The vast majority of American drivers could switch to battery electric vehicles (BEVs) tomorrow and carry on with their lives unaffected, according to a new study in Nature Energy. What’s more, those BEVs need not be a $100,000 Tesla, either. That’s the conclusion from a team at MIT and the Santa Fe Institute in New Mexico that looked at the potential for BEV adoption in the US in light of current driving patterns. Perhaps most interestingly, the study found that claim to be true for a wide range of cities with very distinct geography and even per-capita gasoline consumption.
The authors—led by MIT’s Zachary Needell—used the Nissan Leaf as their representative vehicle. The Leaf is one of the best-selling BEVs on the market, second only to the Tesla Model S in 2015 (10,990 sold vs 13,300 Teslas). But it’s not particularly long-legged; although the vehicle got an optional battery bump from 24kWh to 30kWh for 2016, its quoted range is 107 miles on a full charge. You don’t need to spend long browsing comment threads or car forums to discover that many drivers think this is too short a range for their particular use cases. Yet, Needell and colleagues disagree.

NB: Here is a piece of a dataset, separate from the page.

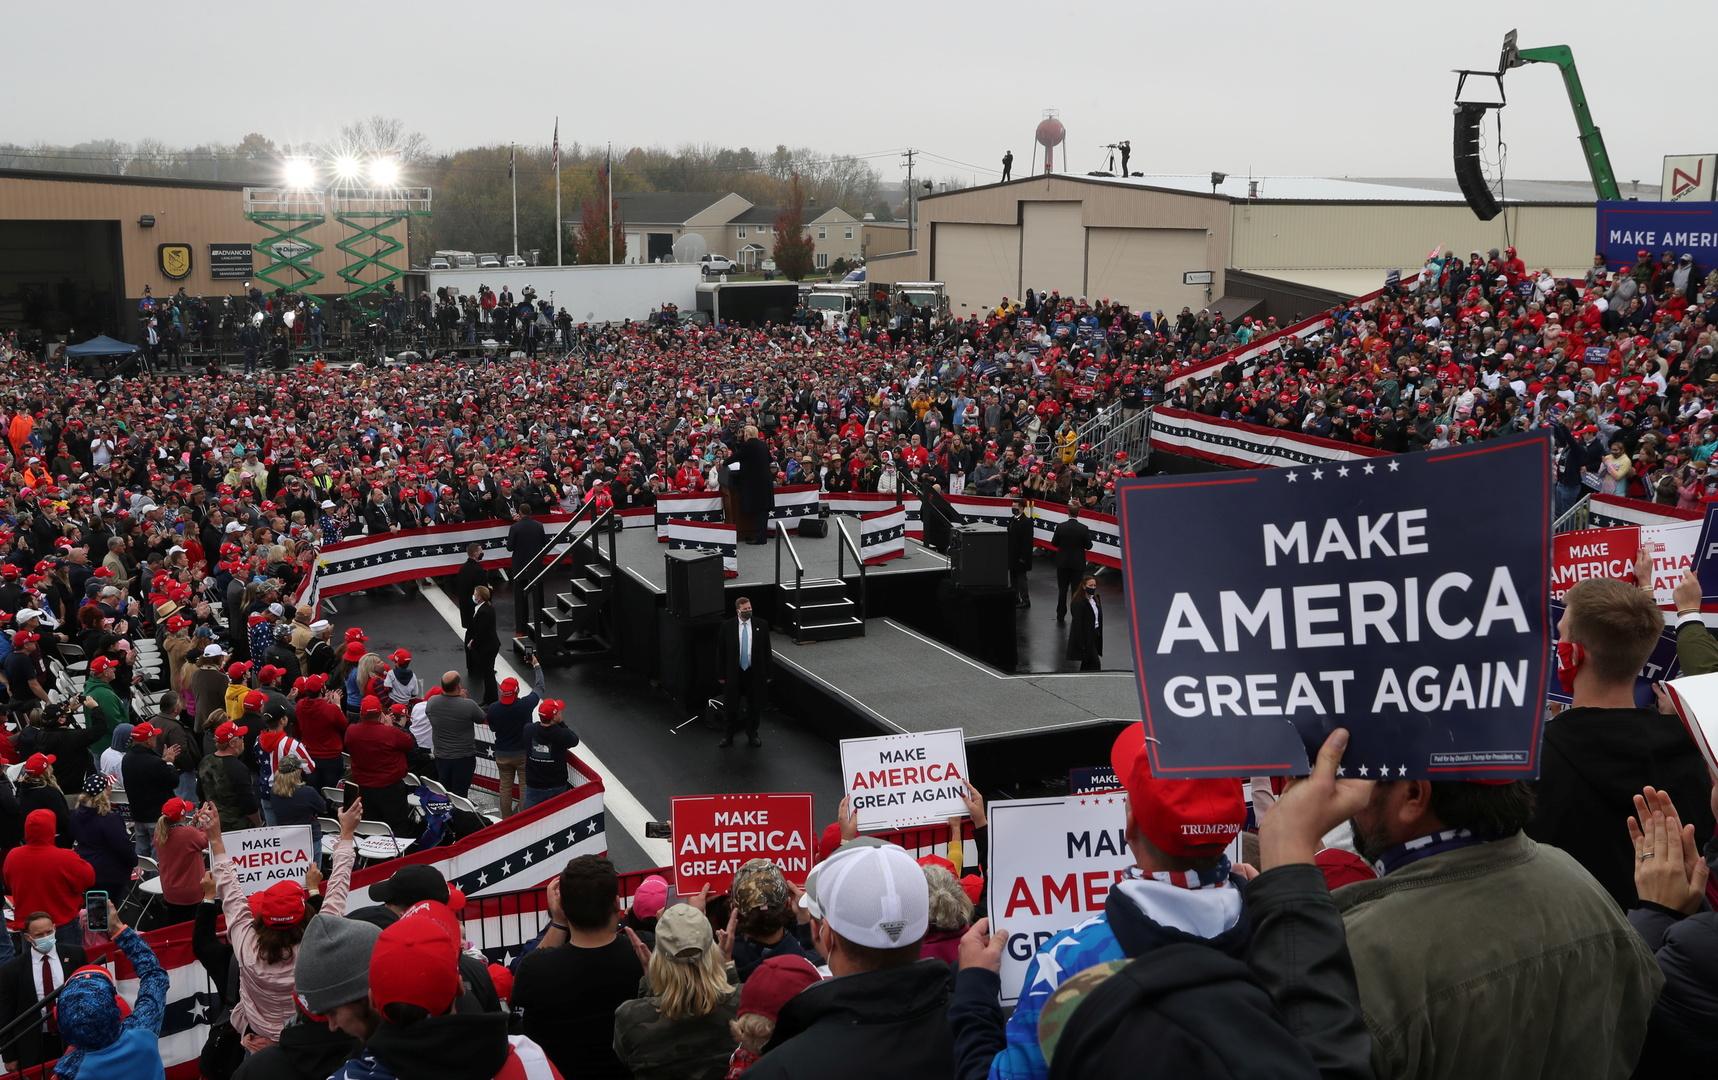 تجمع انتخابي لترامب في بنسيلفانيا
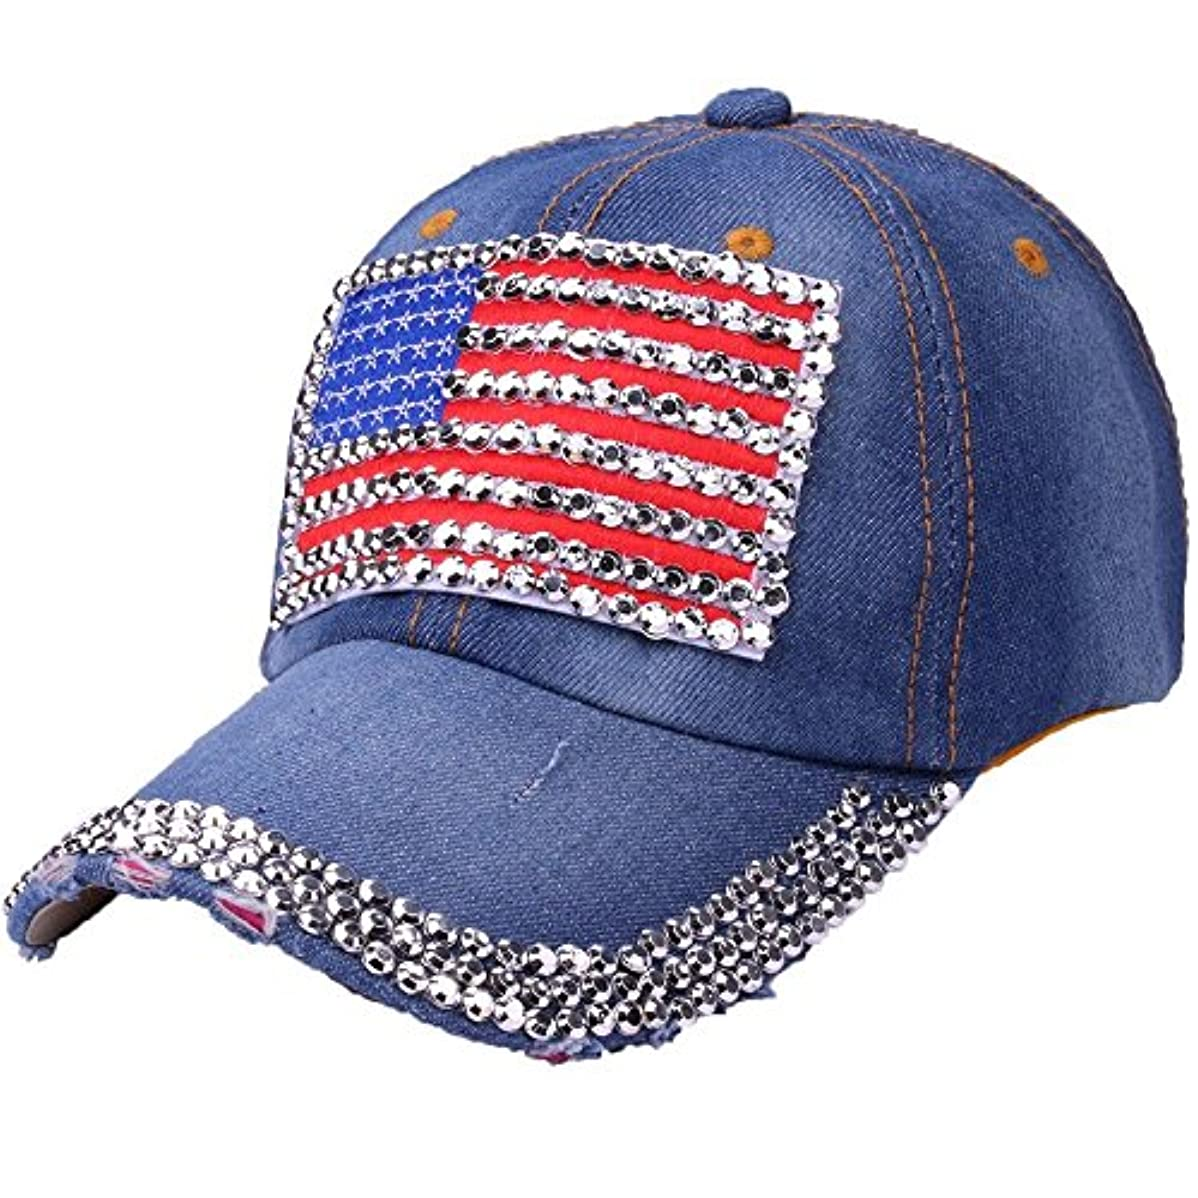 風刺スライムあなたはRacazing Cap カウボーイ 野球帽 ヒップホップ 通気性のある ラインストーン 帽子 夏 登山 アメリカの旗 可調整可能 棒球帽 男女兼用 UV 帽子 軽量 屋外 ジーンズ Unisex Cap (C)

The authors use the 24kWh Nissan Leaf as the basis for their calculations, based on a probabilistic model of BEV range based on driving behavior (rather than just looking at average commute distances and BEV range). This involved using information from the National Household Travel Survey, hourly temperature data for 16 US cities, and GPS data from travel surveys in California, Atlanta, and Houston (to calculate second-by-second speed profiles of different trip types).